# Recorded information
=-=-=-=-=
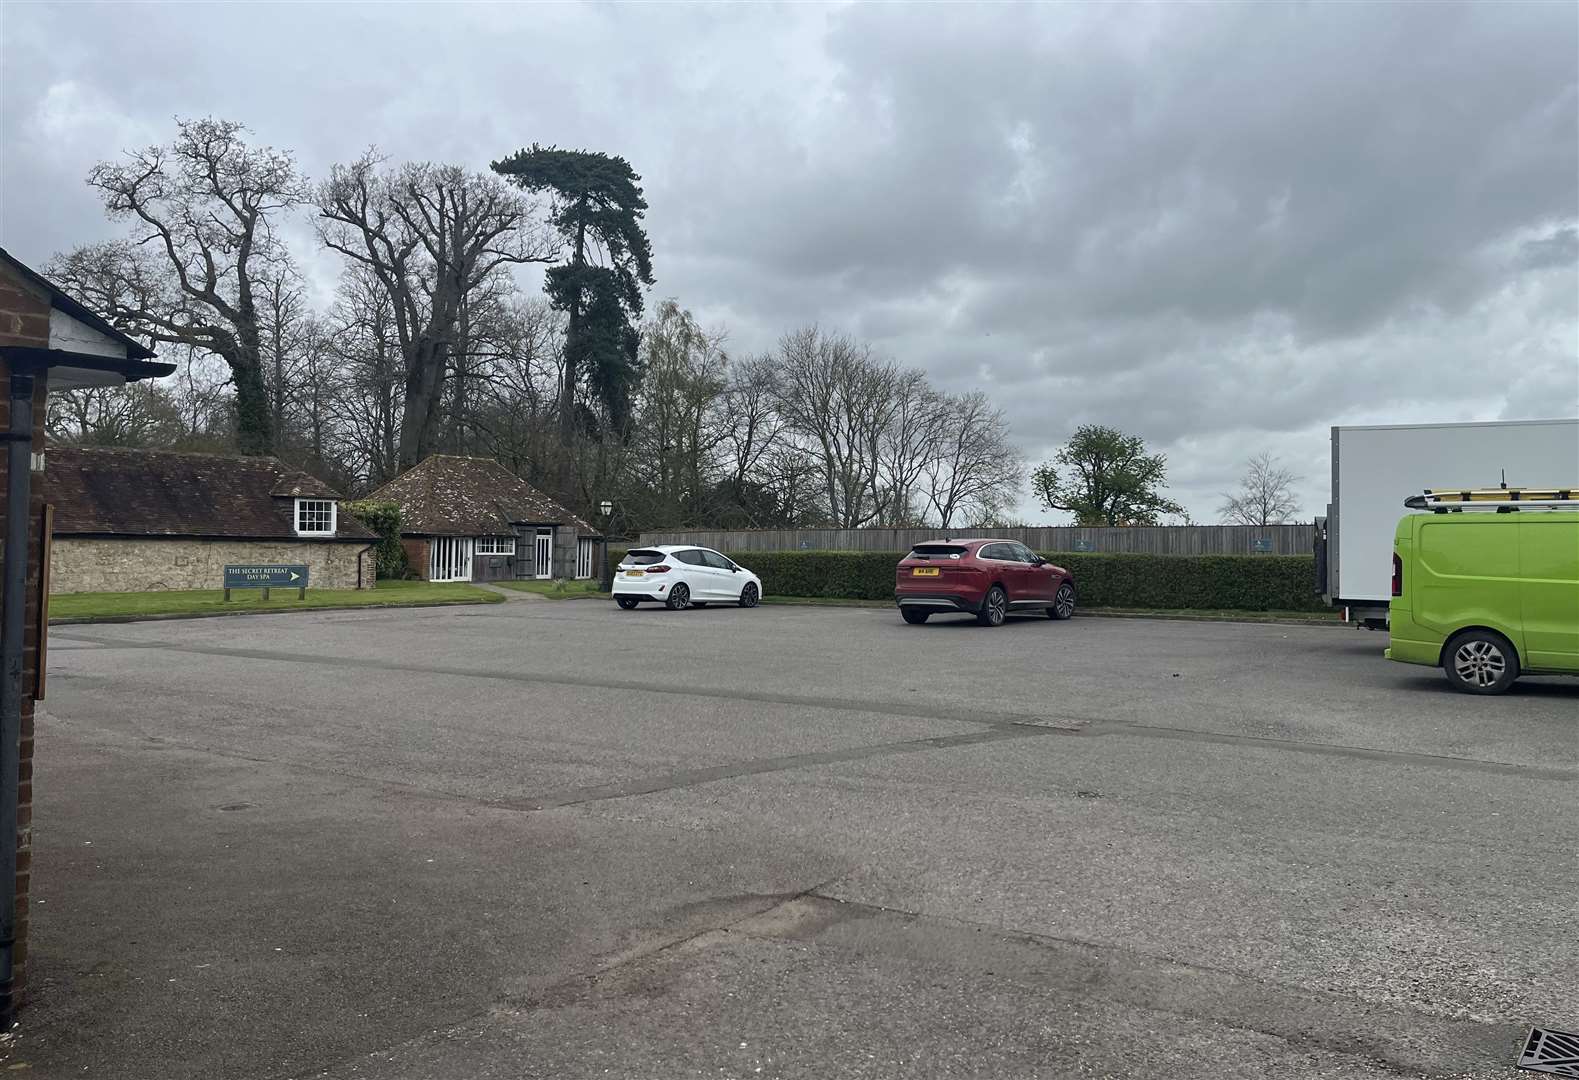 This area used for disabled parking is earmarked for five additional units at Mersham-le-Hatch Business Village; the current disabled parking will be moved into the existing car park
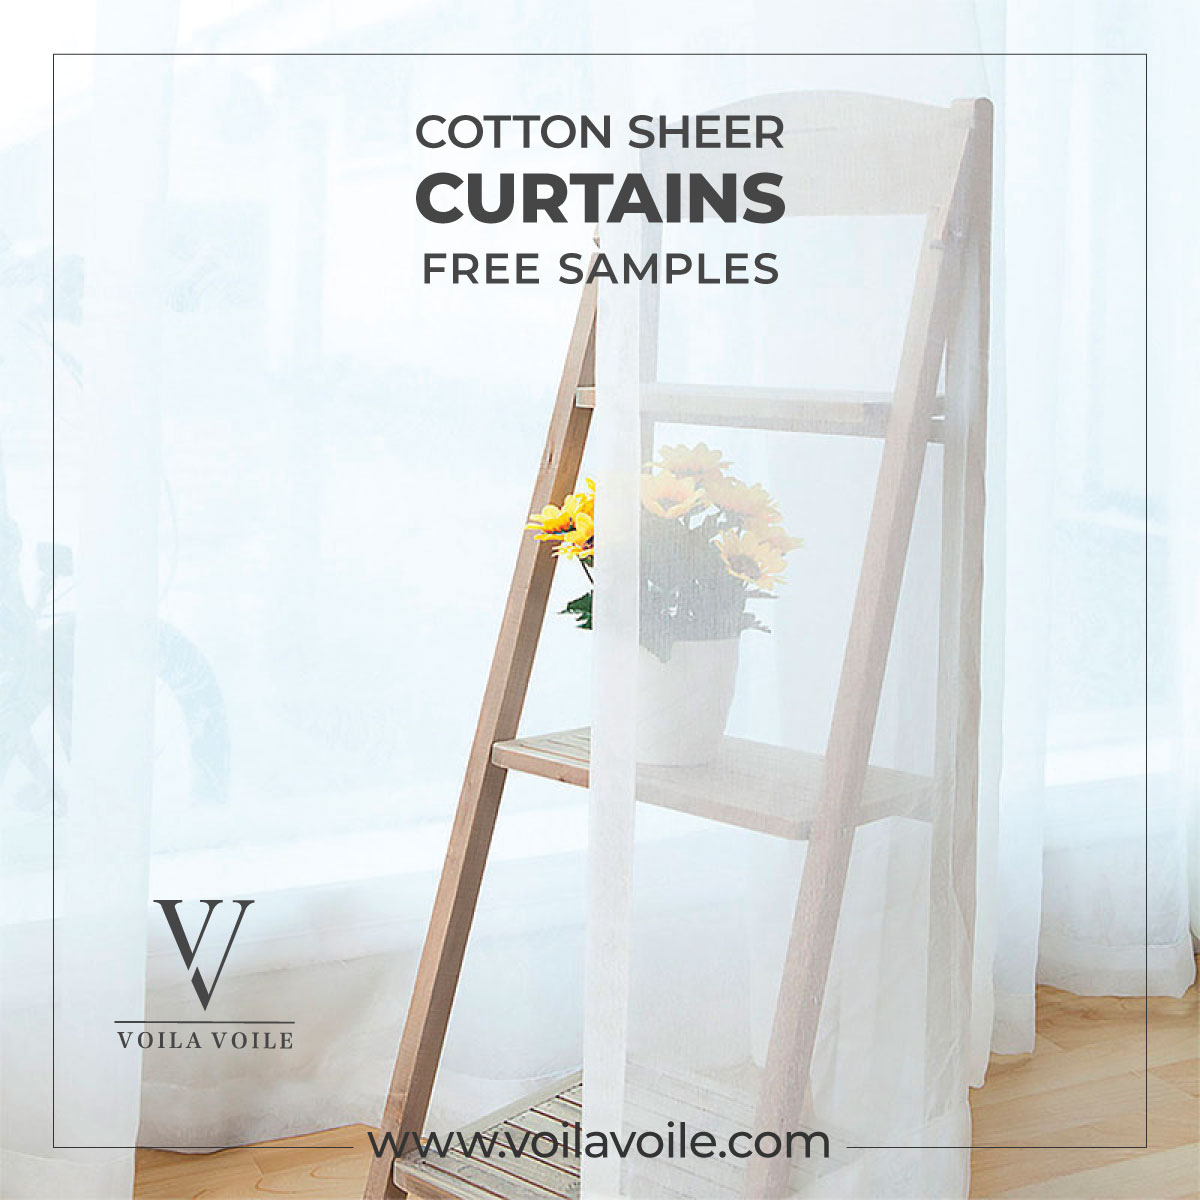 Cotton Sheer Curtains
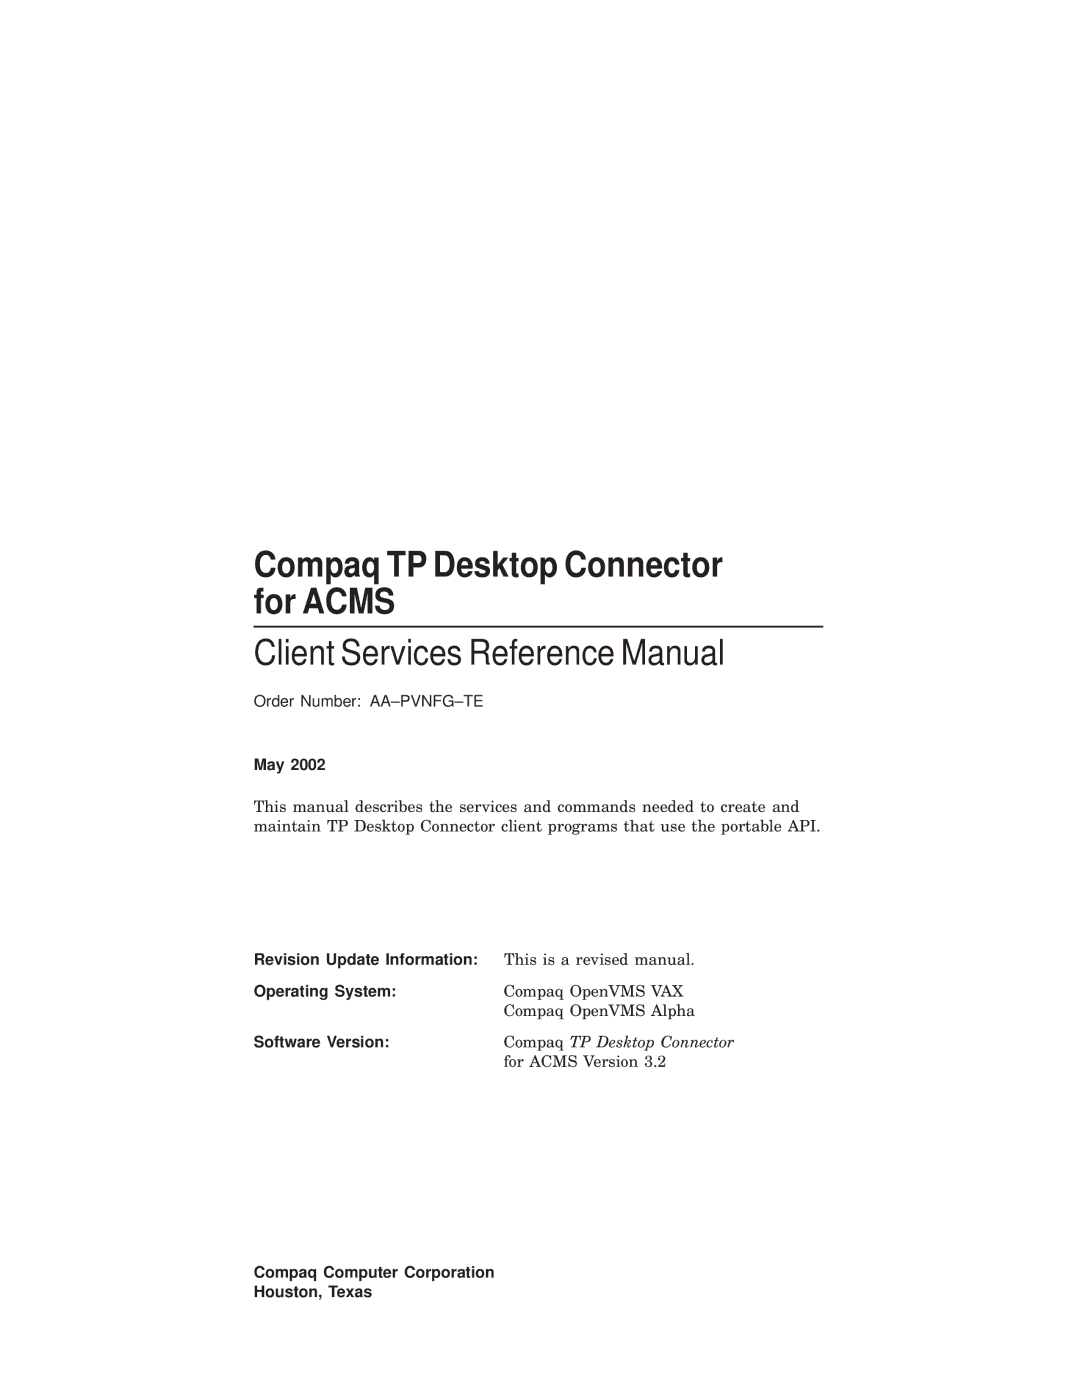 Compaq AAPVNFGTE manual May, Revision Update Information, Operating System, Software Version 
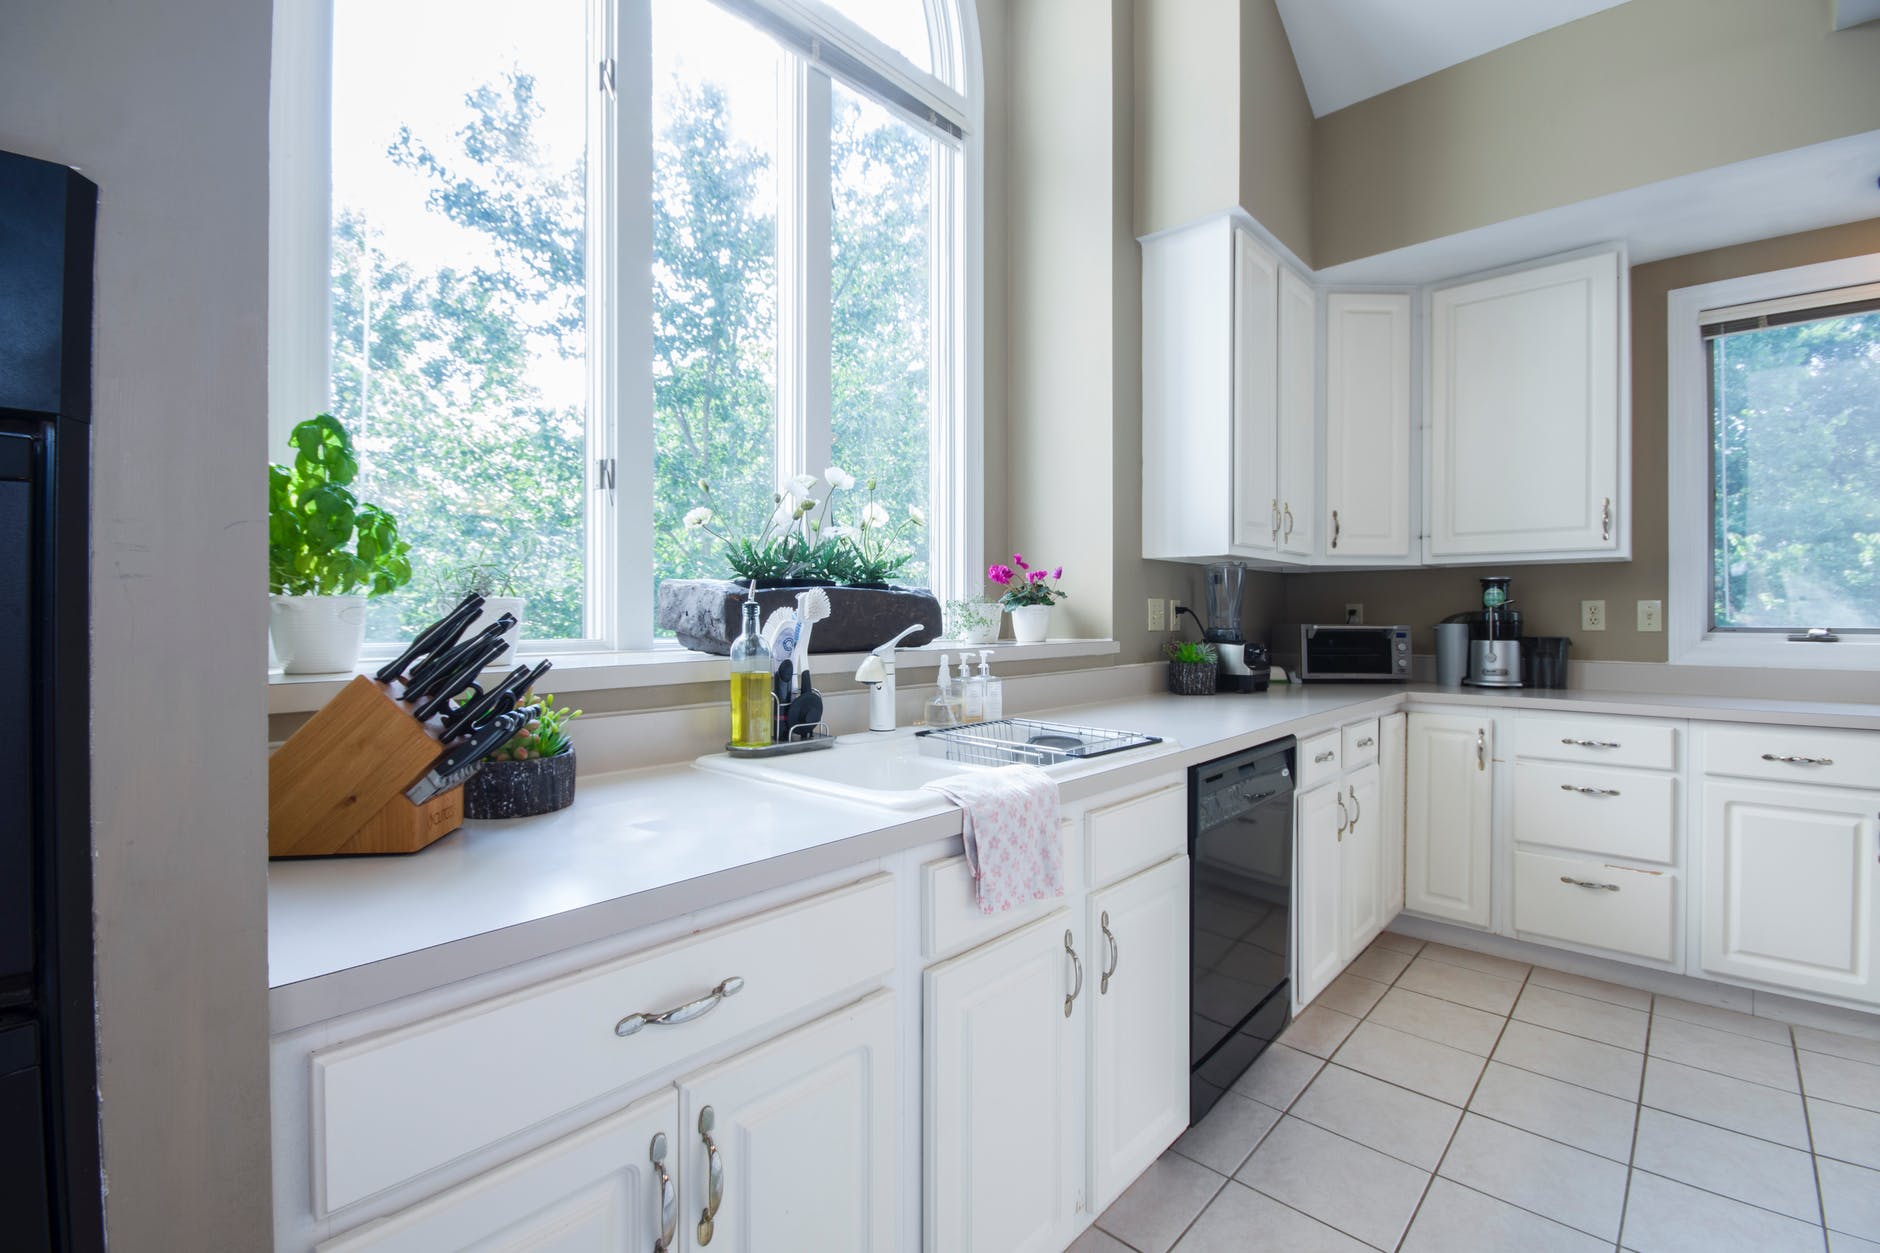 What type of Window Treatments are Best for Kitchen?
=-=-=-=-=
Give the data again exactly, image-free.

# Finished exercise
 This area used for disabled parking is earmarked for five additional units at Mersham-le-Hatch Business Village; the current disabled parking will be moved into the existing car park
 Cotton Sheer Curtains
 Compaq AAPVNFGTE manual May, Revision Update Information, Operating System, Software Version 
 What type of Window Treatments are Best for Kitchen?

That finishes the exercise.